● Raw data
________
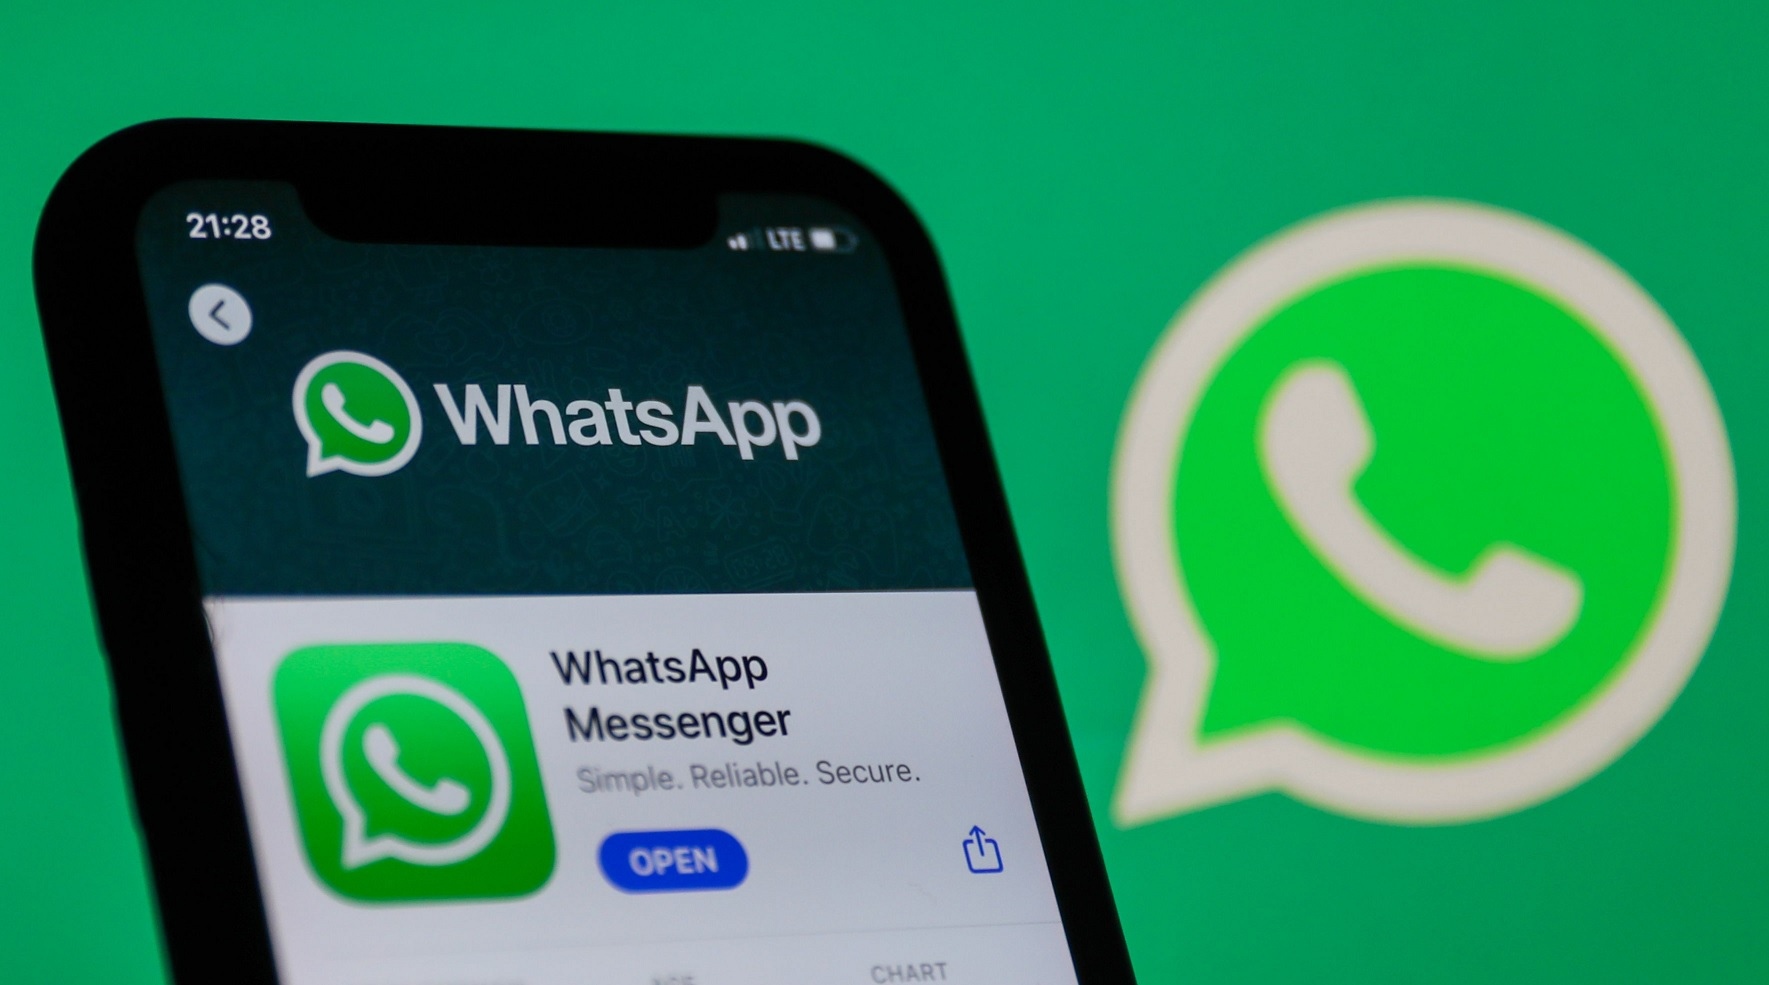 New WhatsApp update will block screenshots
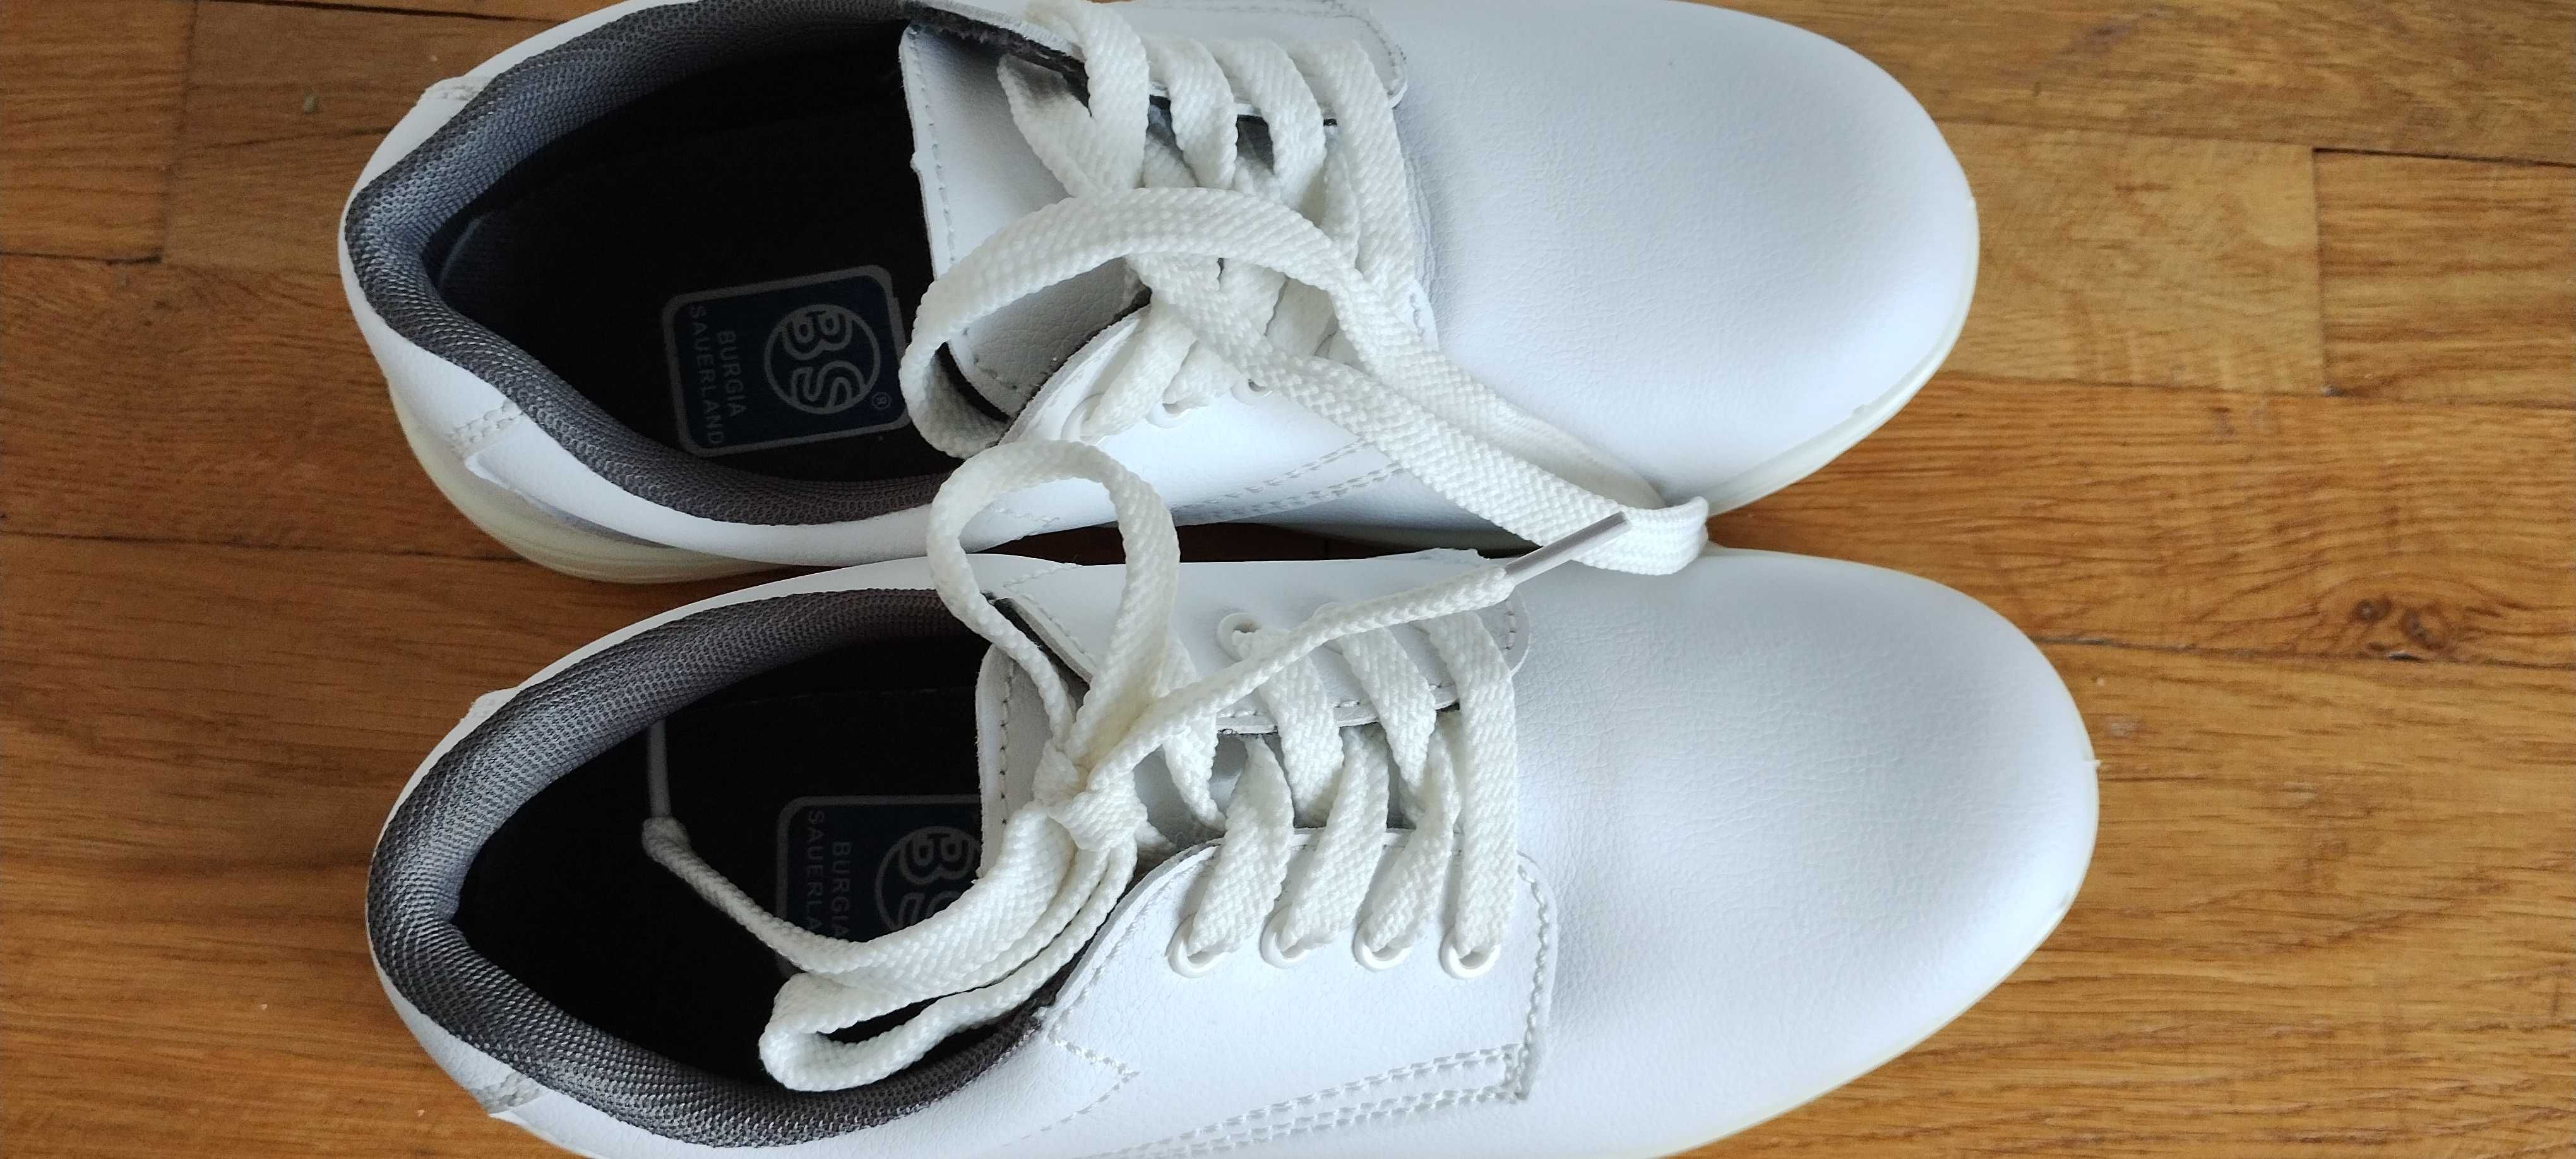 Burgia Sauerland białe buty ochronne 38 39
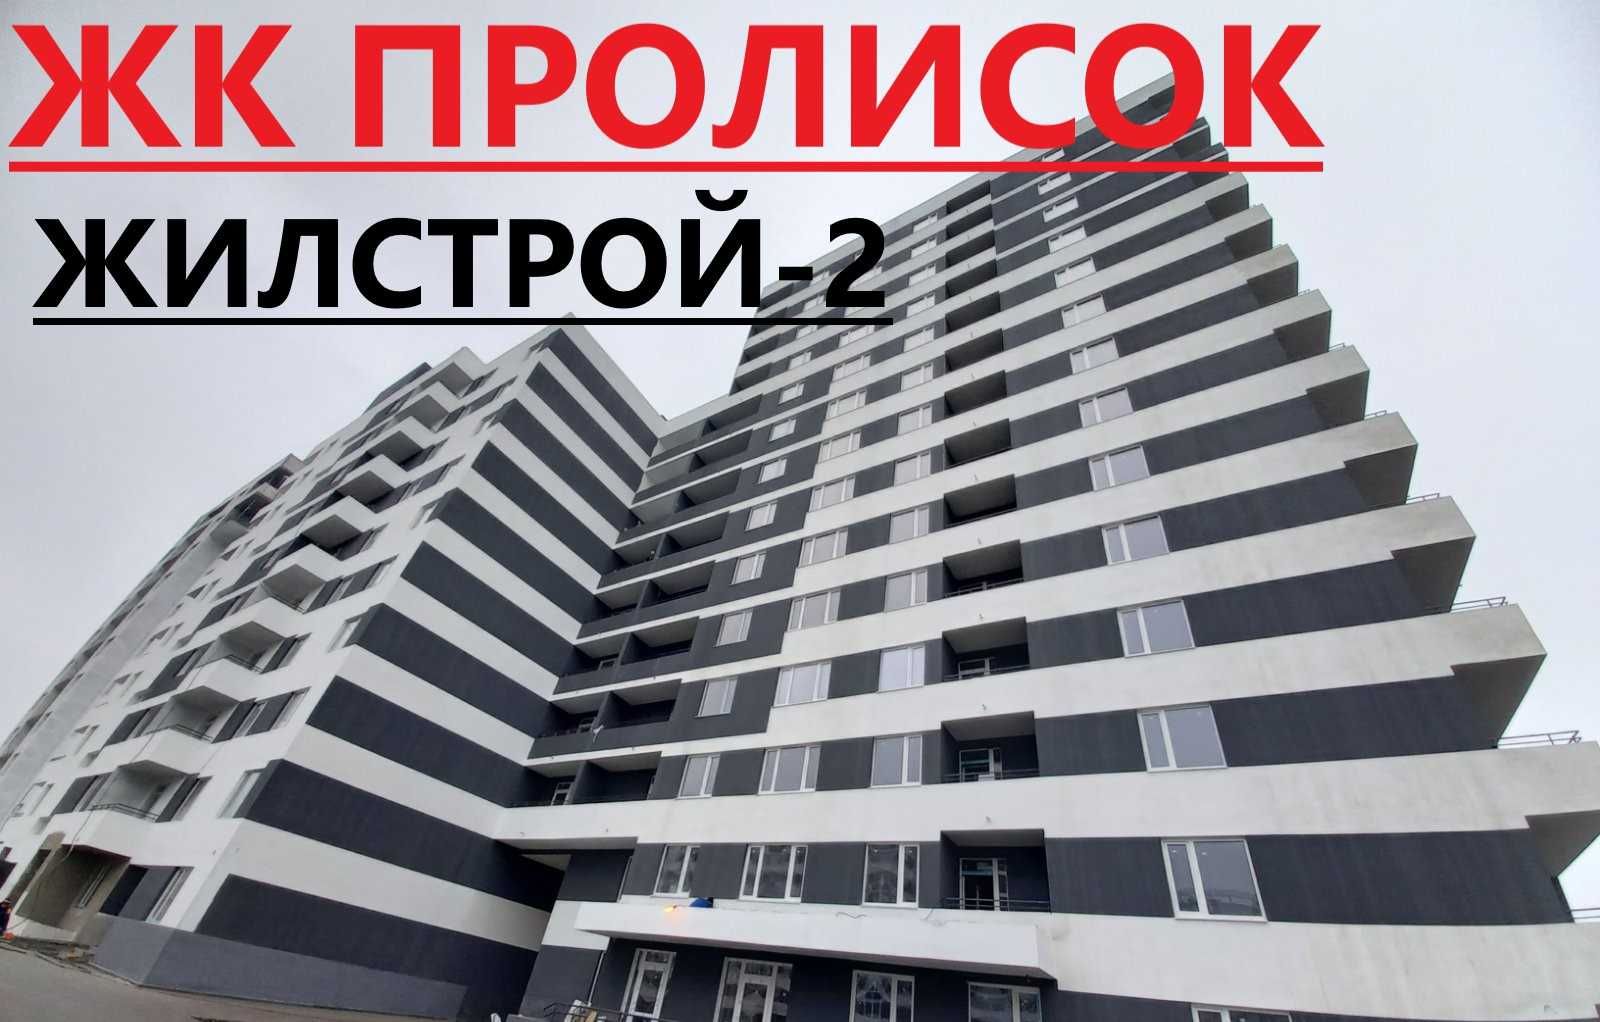 ЖК Пролисок Продам по ЛУЧШЕЙ ЦЕНЕ 2к квартиру с РЕМОНТОМ  83 тыс.$  ww
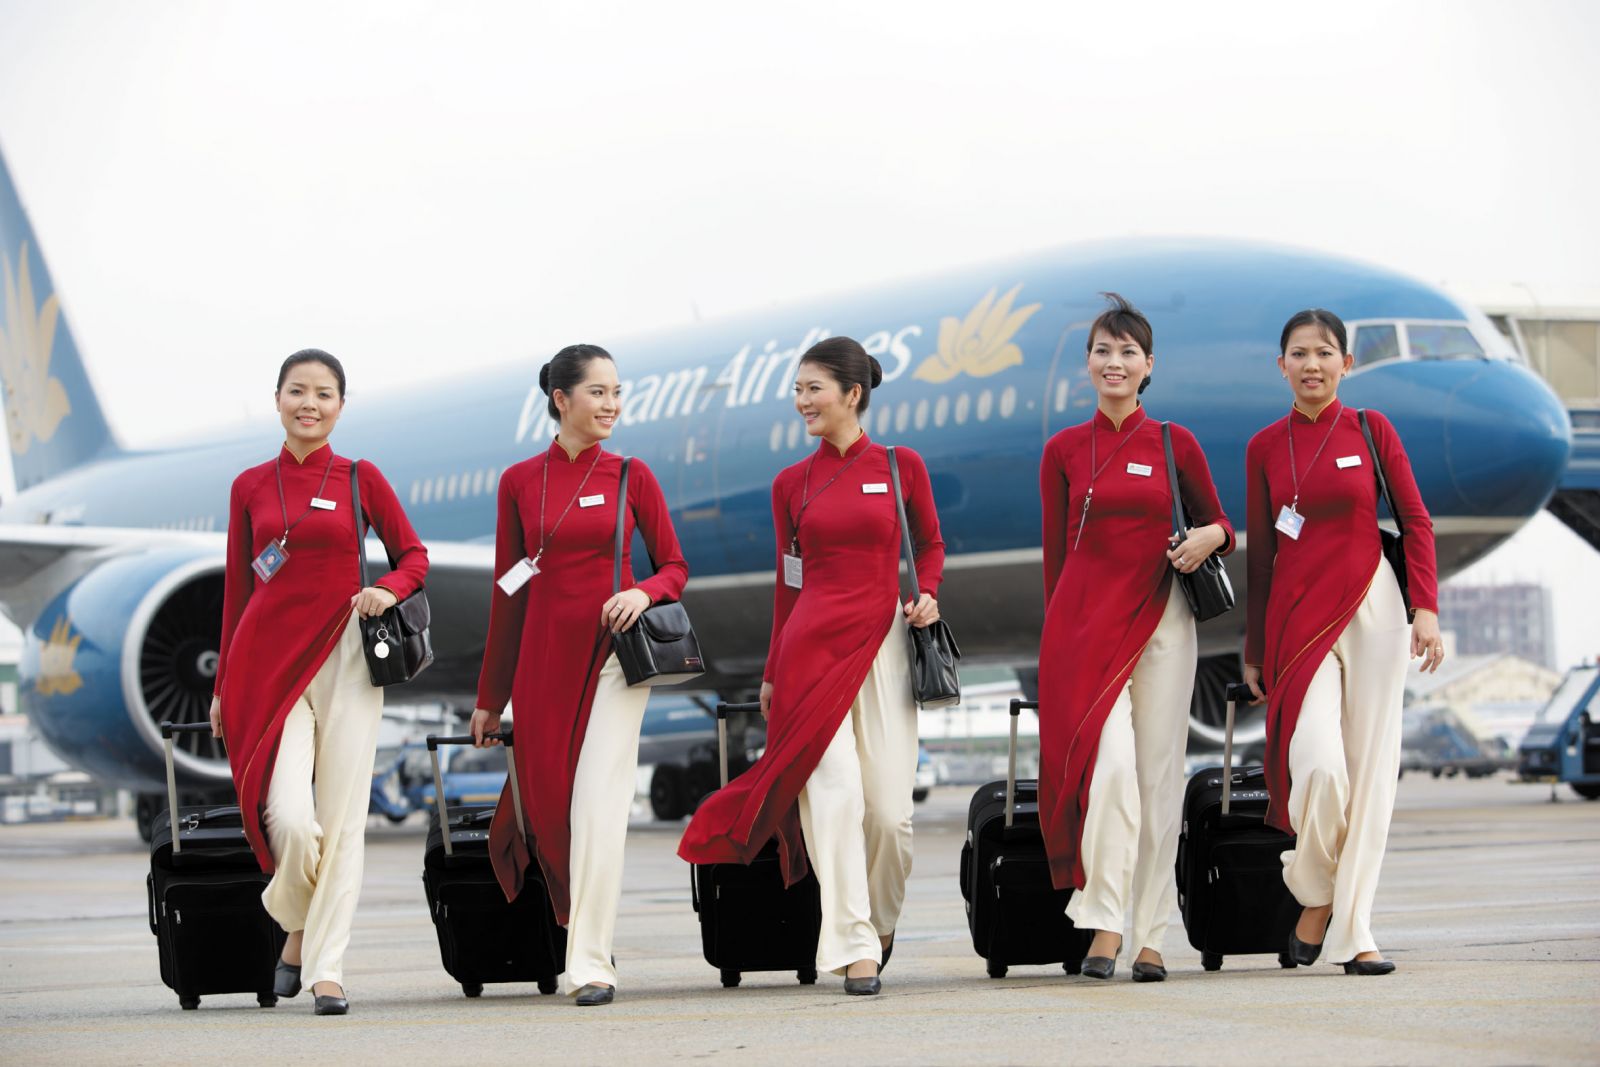 Tiêu chuẩn làm tiếp viên hàng không của Vietnam Airlines, Vietjet Air,...
________
● The problem
Leave the pictures out and reproduce exactly the lines from the line with "Burgia Sauerland białe buty ochronne 38 39" to the end of the material above.

● Result of the task
 Burgia Sauerland białe buty ochronne 38 39
 ЖК Пролисок Продам по ЛУЧШЕЙ ЦЕНЕ 2к квартиру с РЕМОНТОМ  83 тыс.$  ww
 Tiêu chuẩn làm tiếp viên hàng không của Vietnam Airlines, Vietjet Air,...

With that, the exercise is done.